→ **Raw data**:
........
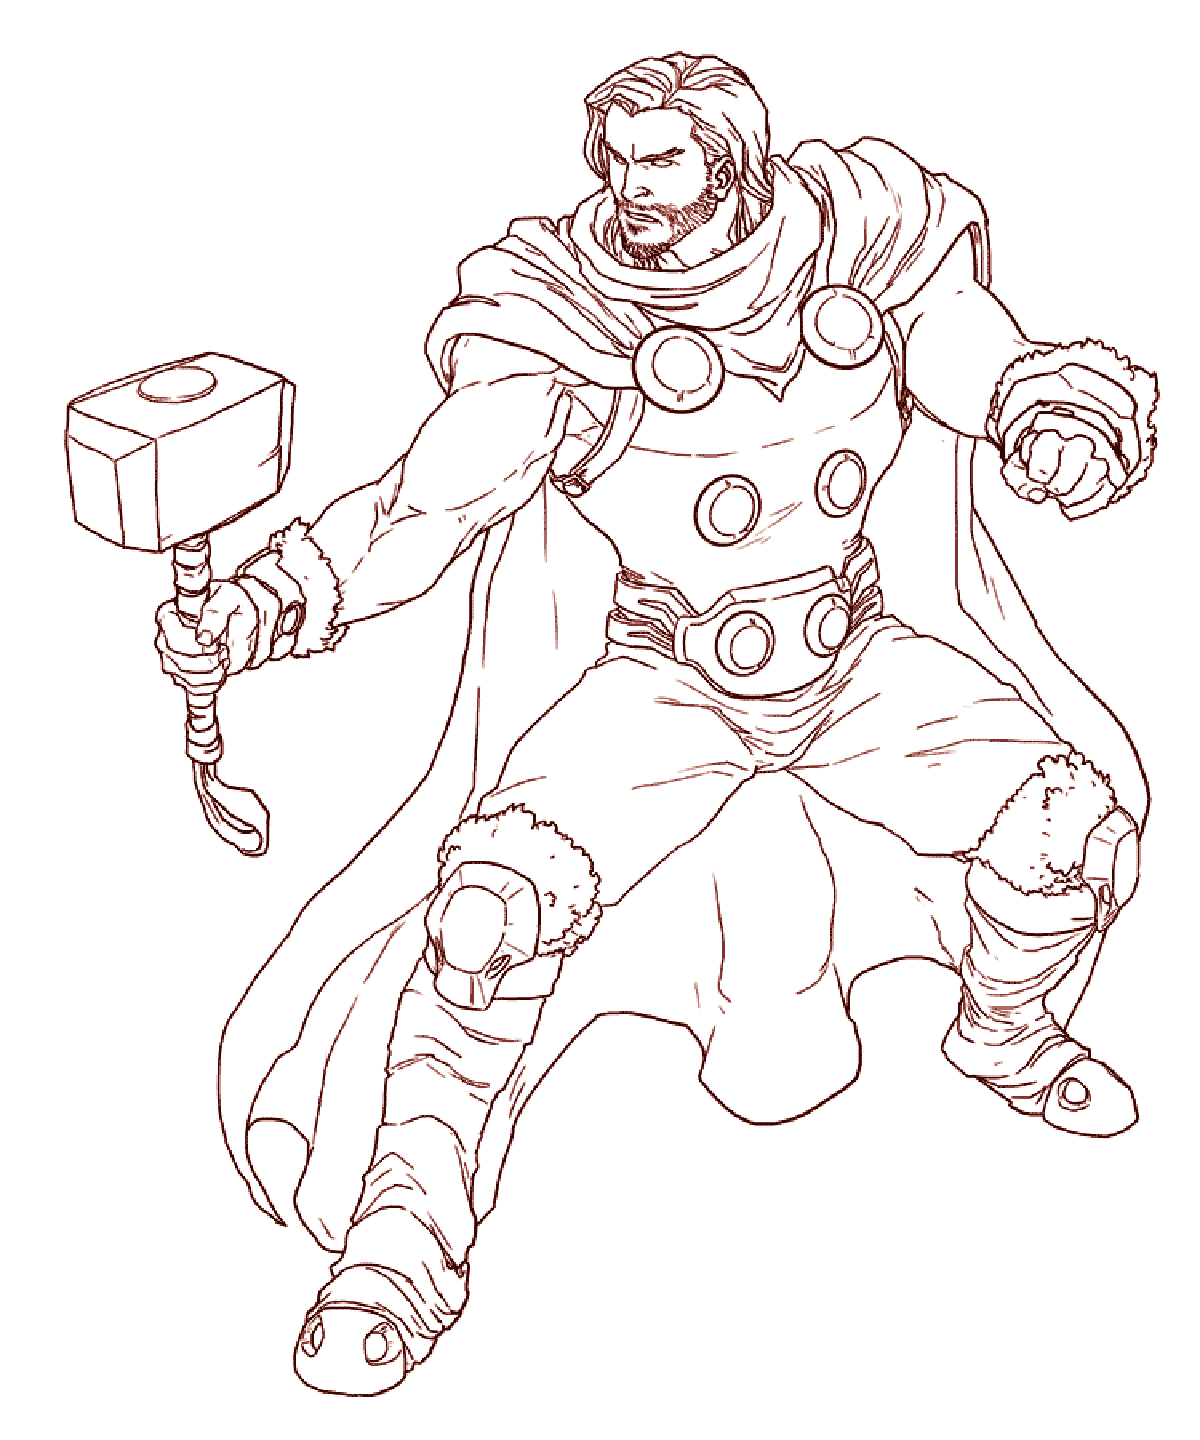 Coloring Page of Thor with his Mjölnir Hammer
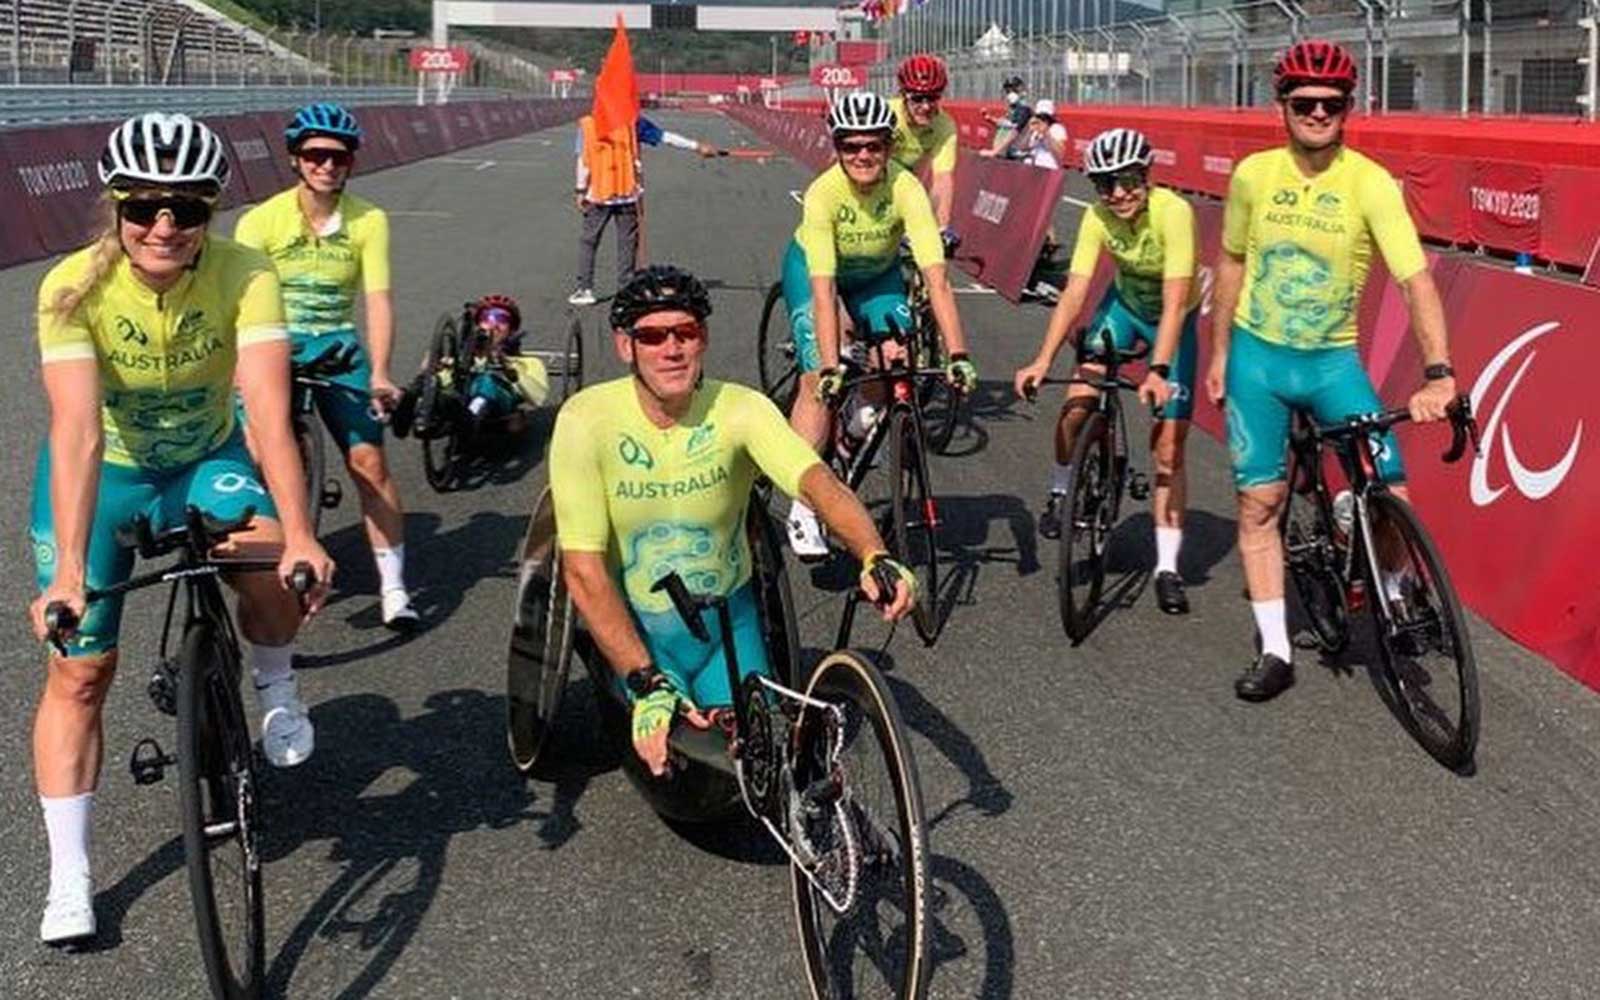 Ten time trial Aussies in action on Fuji Speedway
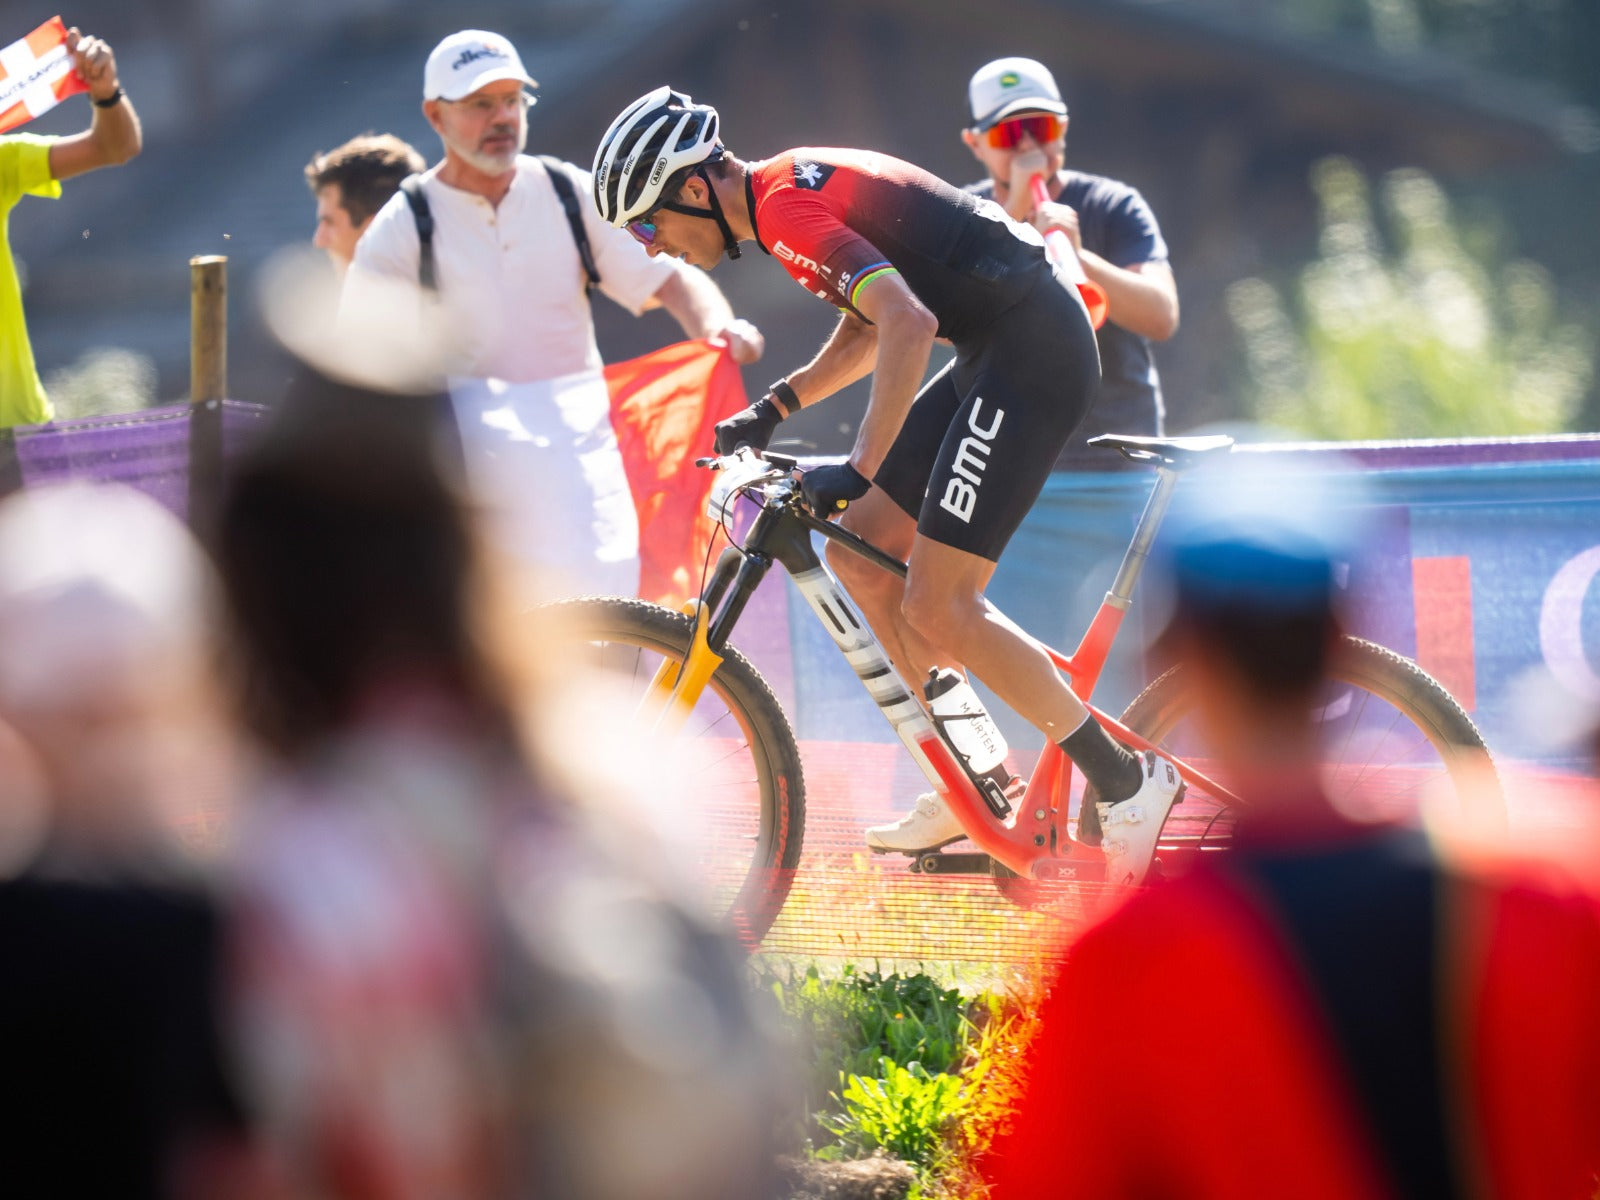 Team BMC travels overseas for last two races in the World Cup Series
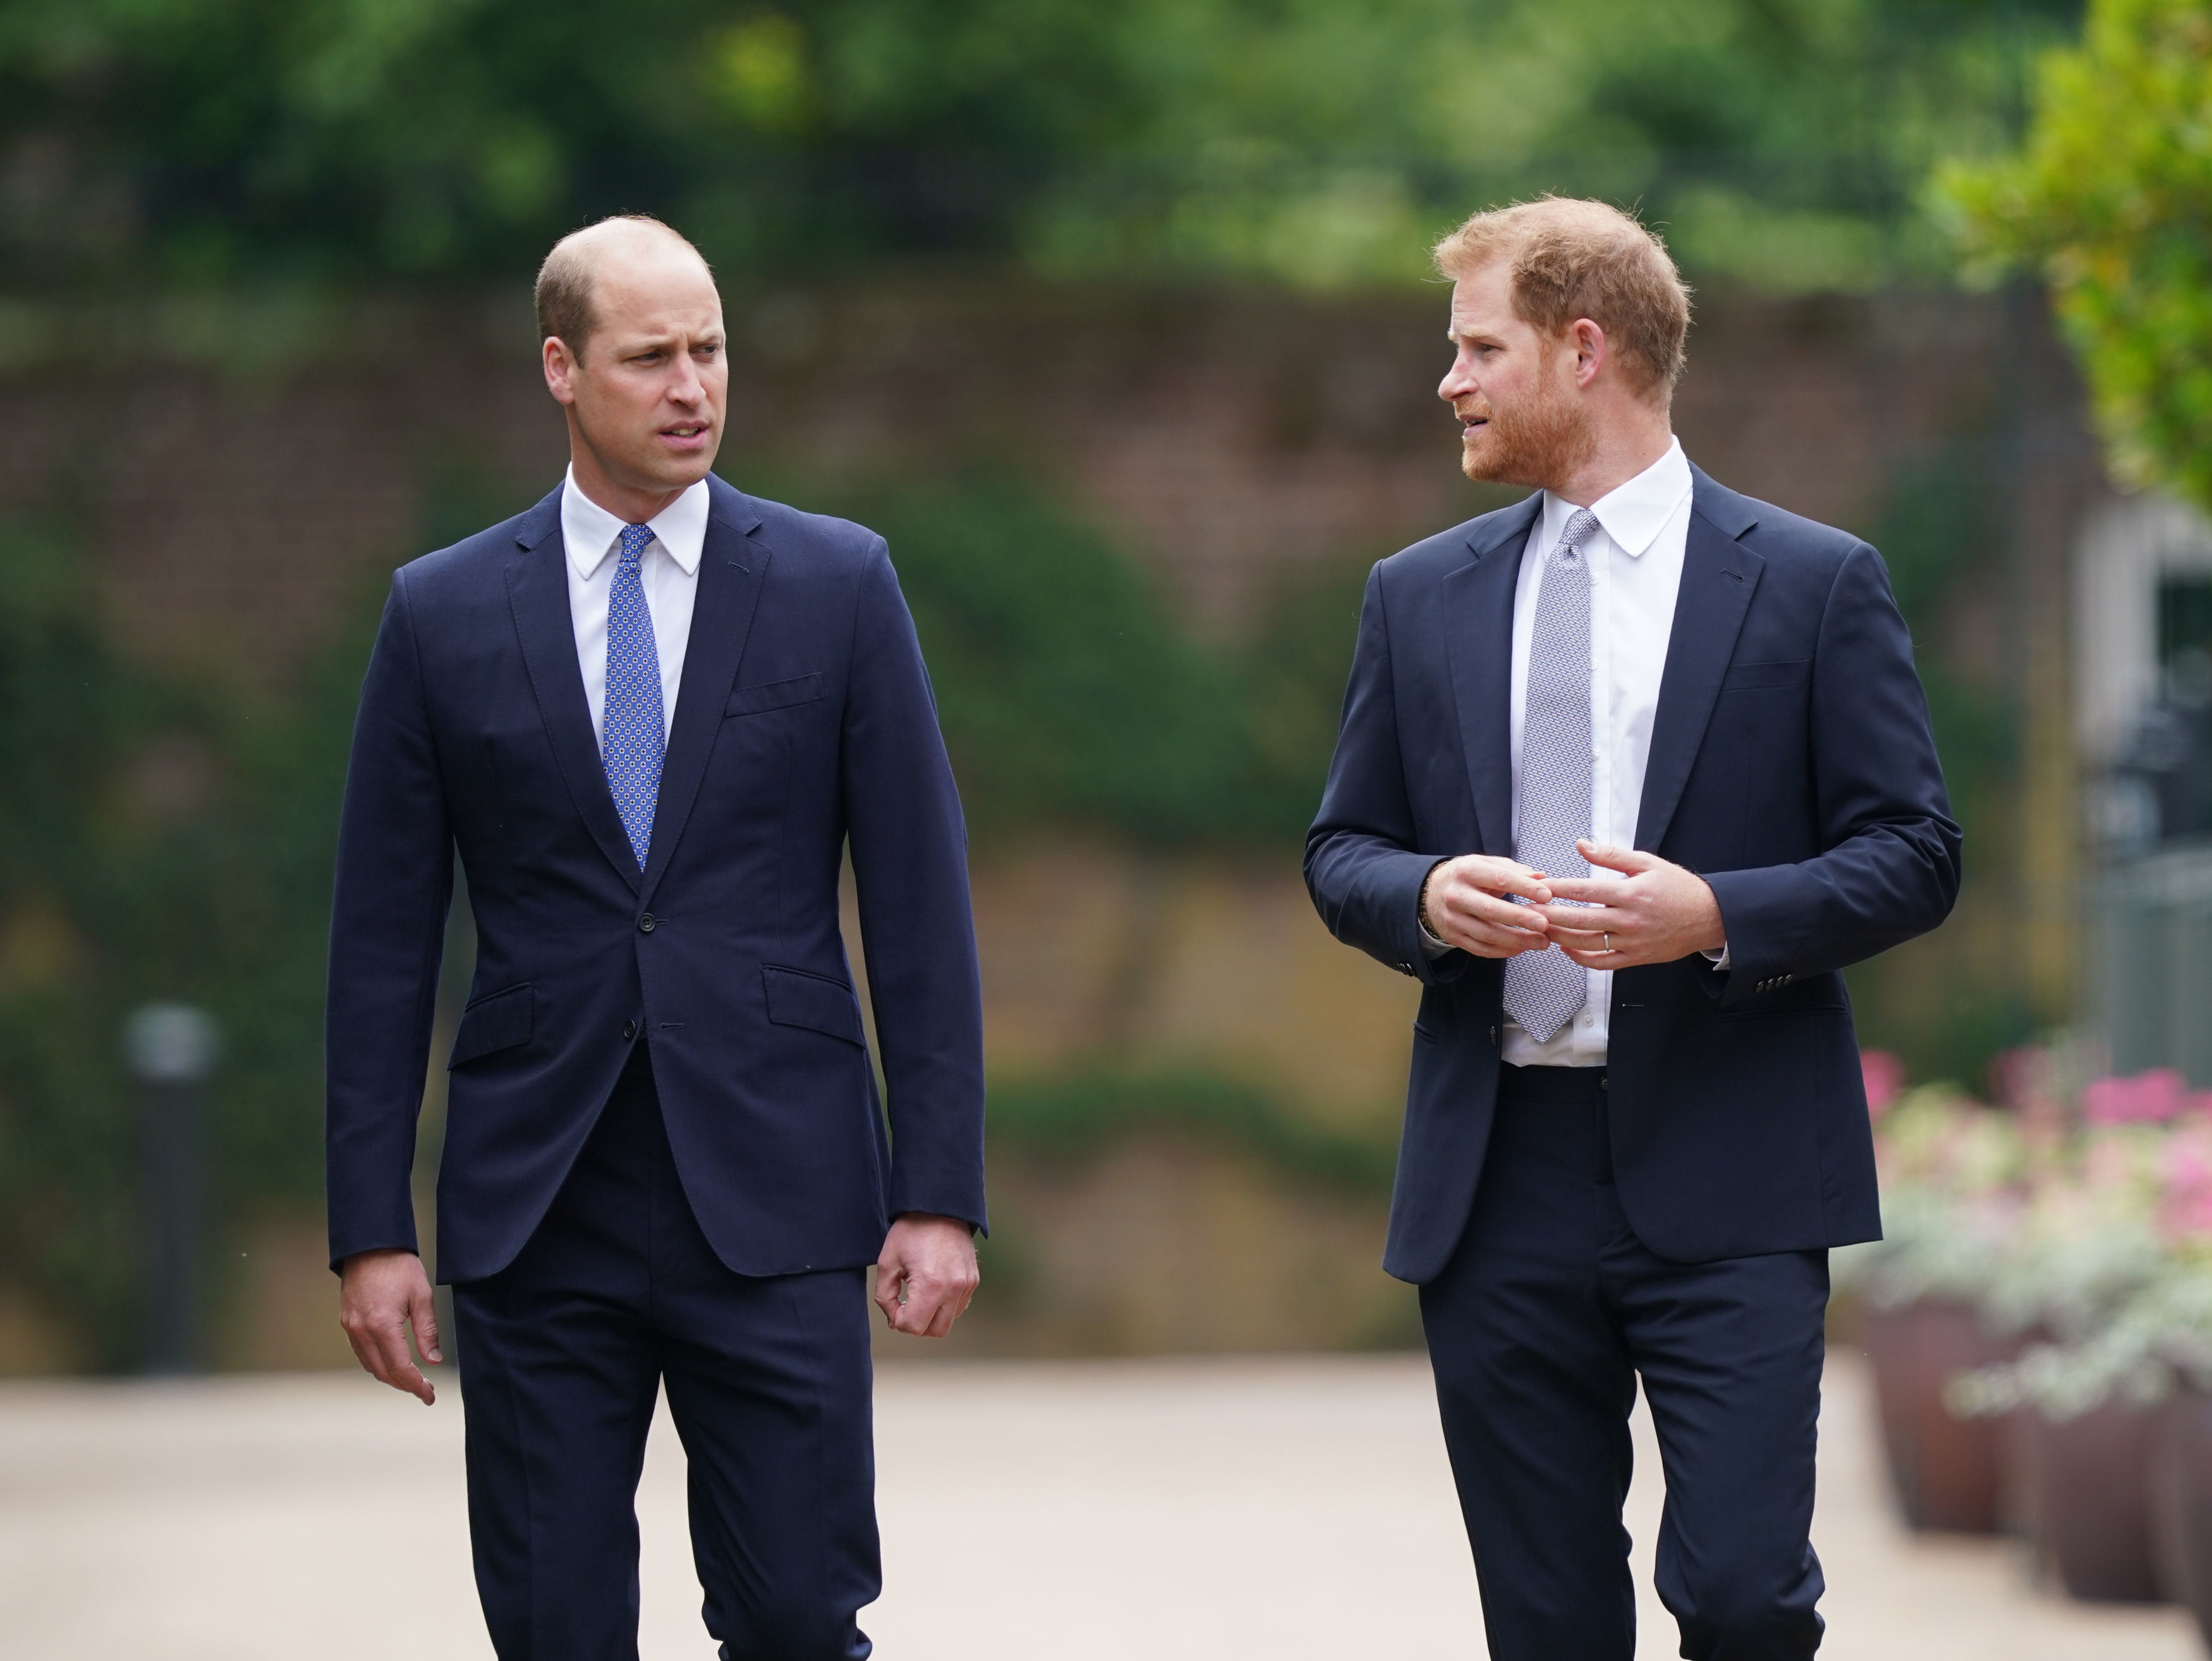 Prince Harry, Duke of Sussex and Prince William, Duke of Cambridge attend the unveiling of a statue of their mother, Princess Diana in Kensington Palace, London on July 1, 2021 | Source: Getty Images
........
→ **Activity**: Leaving aside the pictures, copy the listing above exactly.

→ **Your response**:
 Coloring Page of Thor with his Mjölnir Hammer
 Ten time trial Aussies in action on Fuji Speedway
 Team BMC travels overseas for last two races in the World Cup Series
 Prince Harry, Duke of Sussex and Prince William, Duke of Cambridge attend the unveiling of a statue of their mother, Princess Diana in Kensington Palace, London on July 1, 2021 | Source: Getty Images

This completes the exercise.